Some diabetics aren't quite so lucky and they require regular medications; a proportion of these eventually need one or two injections of insulin every day.
Who's Involved In The Care of Diabetic Patients?
Once the diagnosis of diabetes has been made by a patient's general practitioner the patient will commonly be referred immediately to the local "diabetes educator". This person is usually a qualified nurse who has had advanced training as a diabetes educator and specialises in the role of teaching people with diabetes all about the illness. They will teach diabetics how to measure their blood glucose levels and will help them to purchase a glucometer (the electronic device which measures glucose levels from a tiny drop of freshly-obtained blood applied to a disposable test strip protruding from the glucometer). Often the diabetes educator works with a dietitian who can advise patients about healthy diets.

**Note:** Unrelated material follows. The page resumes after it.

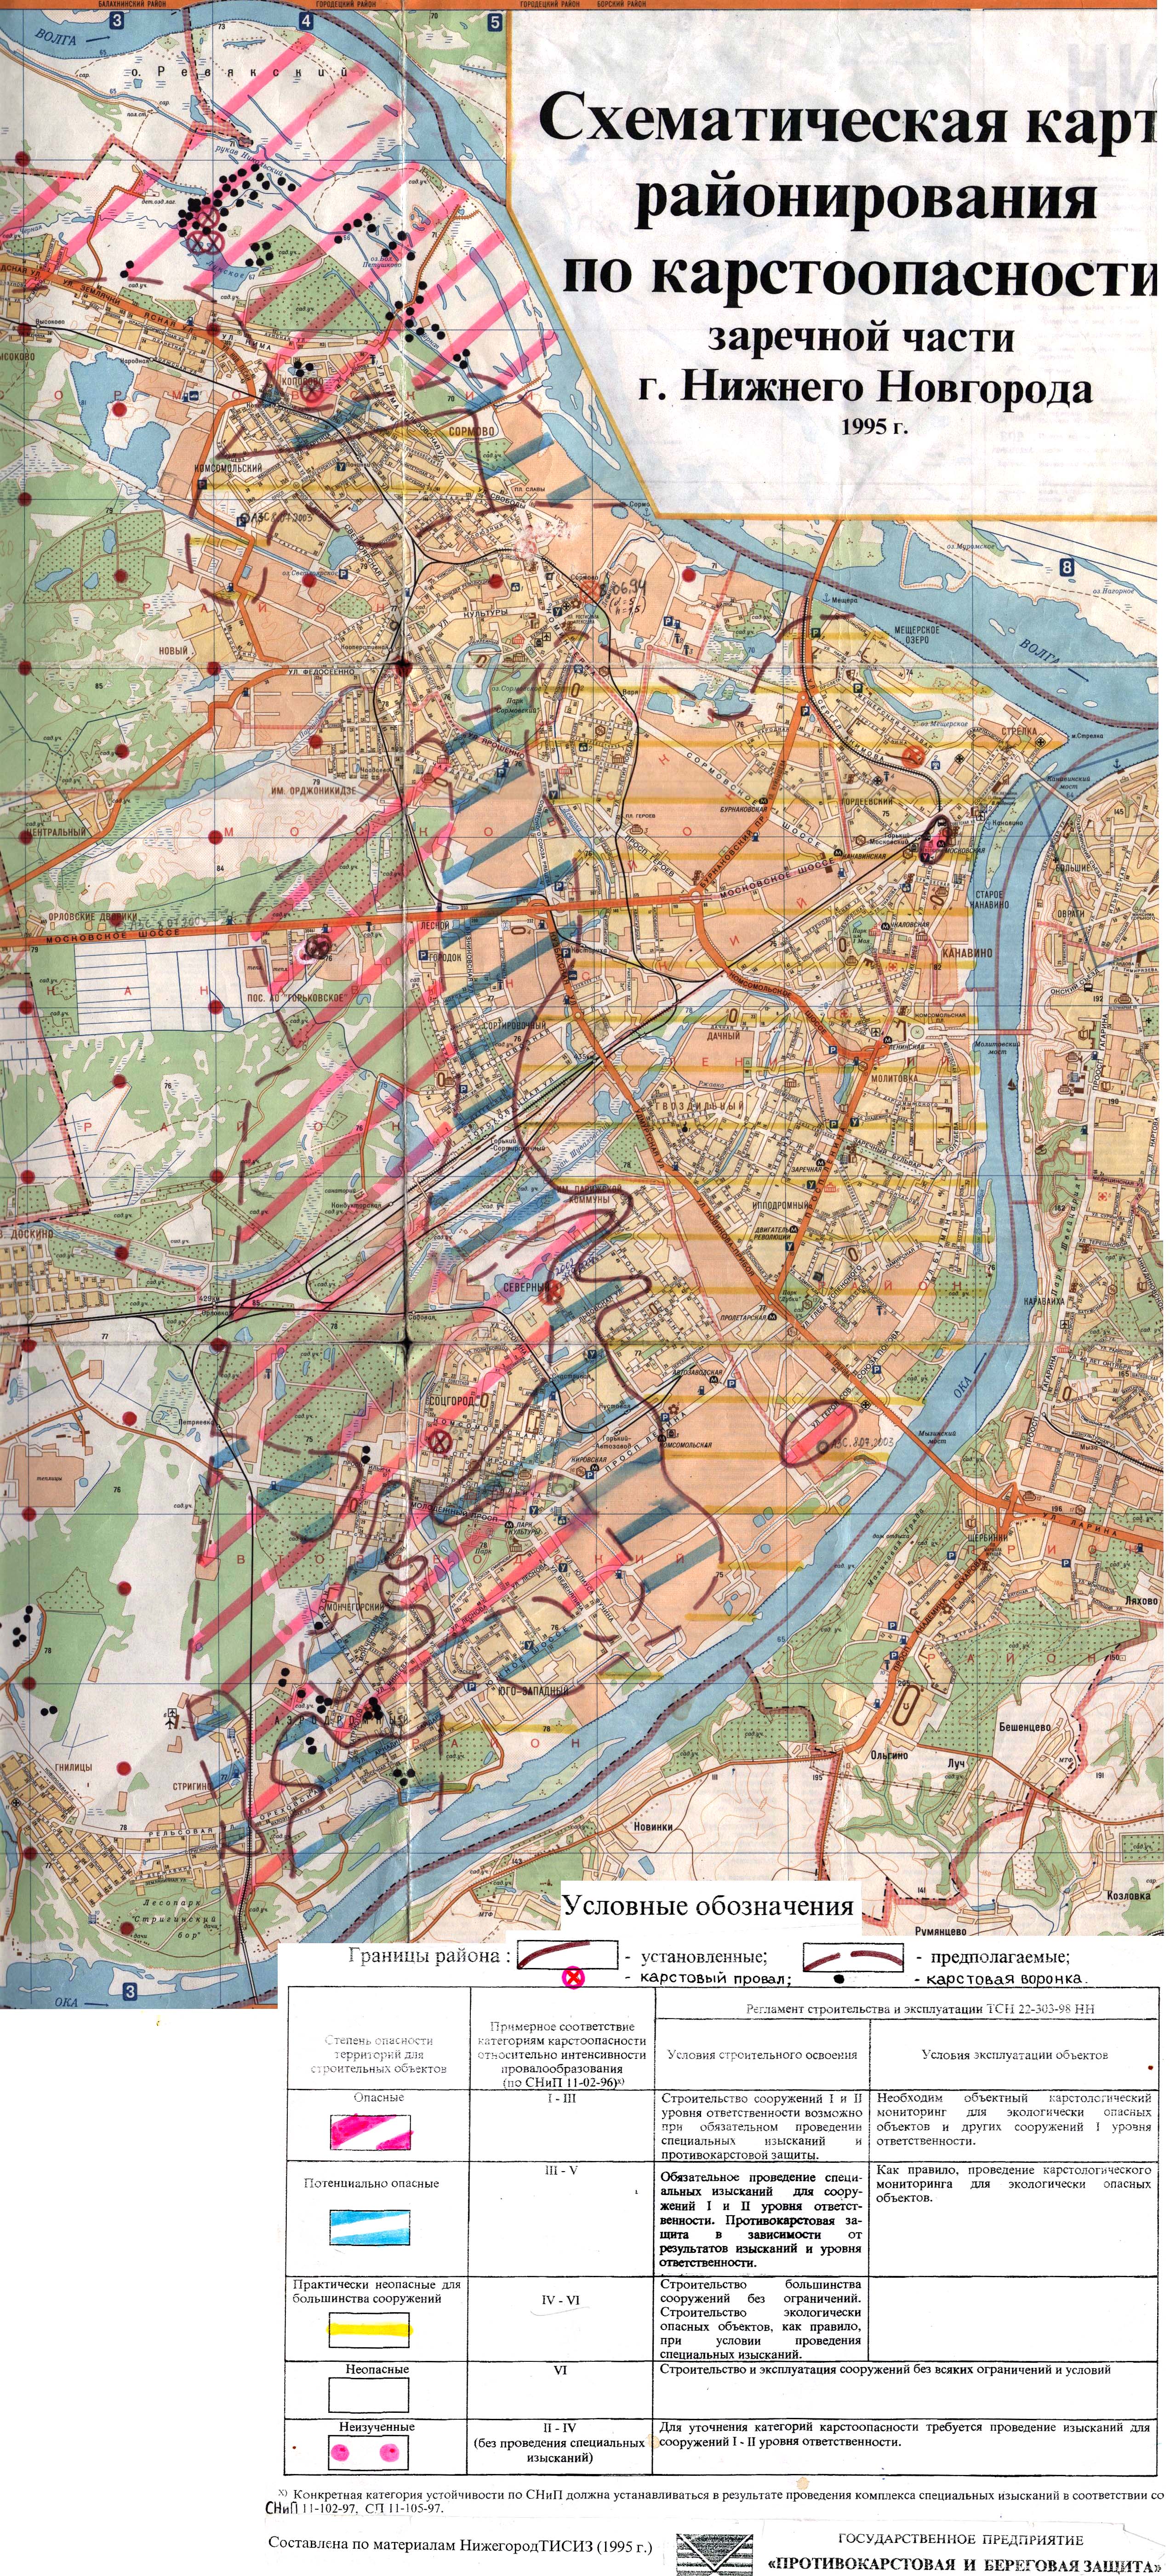 Схематическая карта карстоопасности заречной части Нижнего Новгорода (1995)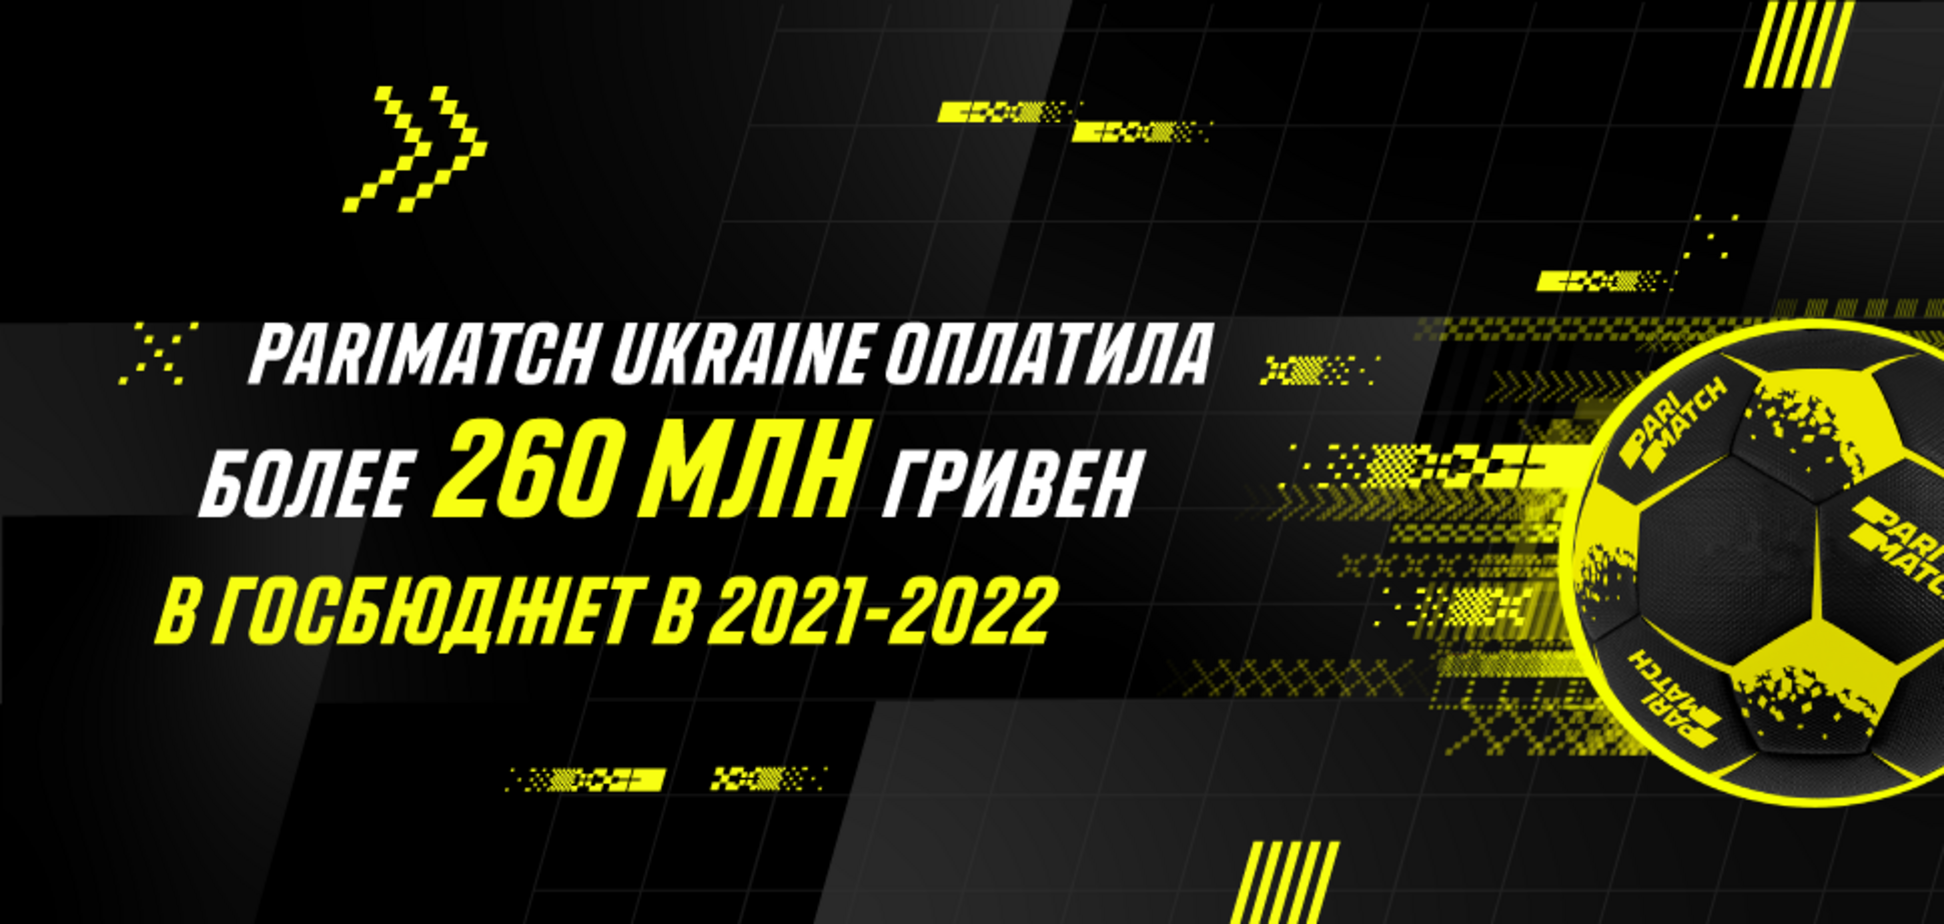 Parimatch Ukraine оплатила более 260 млн гривен в госбюджет в 2021-2022 в поддержку спорта, медицины и образования

All diabetics need to take responsibility for controlling their illness and they need to become experts in diabetes! Regular self-monitoring of blood glucose levels (also called "glucometry") is an essential part of good care of diabetes. Because of the long-term effects of diabetes on the eye, regular assessment by an "ophthalmologist" (eye specialist) is essential as those complications which lead to blindness can nearly always be detected at an early stage. Early treatment can prevent blindness but intervention at a late and advanced stage will often fail to prevent loss of vision!
Similarly diabetics are particularly prone to infections and if eyesight and body flexibility decline it becomes increasingly difficult to take adequate care of one's feet. For this reason diabetics are encouraged to have regular appointments with a podiatrist and make certain that they have well-fitting shoes.
Finally a general practitioner will commonly refer diabetics to see an "endocrinologist", a medical specialist who deals, amongst other disease, with diabetes, in order to ensure that the best possible treatment has been provided. Visits to an endocrinologist are usually quite infrequent and the general practitioner is usually the first port of call if a diabetic develops health problems!
The Bottom Line!
- keep your weight down by eating sensibly, avoiding too much fat and sugar in the diet, and exercise regularly; this strategy will lower your risk of developing diabetes;
- have regular checkups with your doctor and ask to have your blood glucose checked;
- if you are ever found to have diabetes, do your best to learn whatever you can about the illness and keep it under very good control so as to prevent or at least postpone the onset of long-term complications.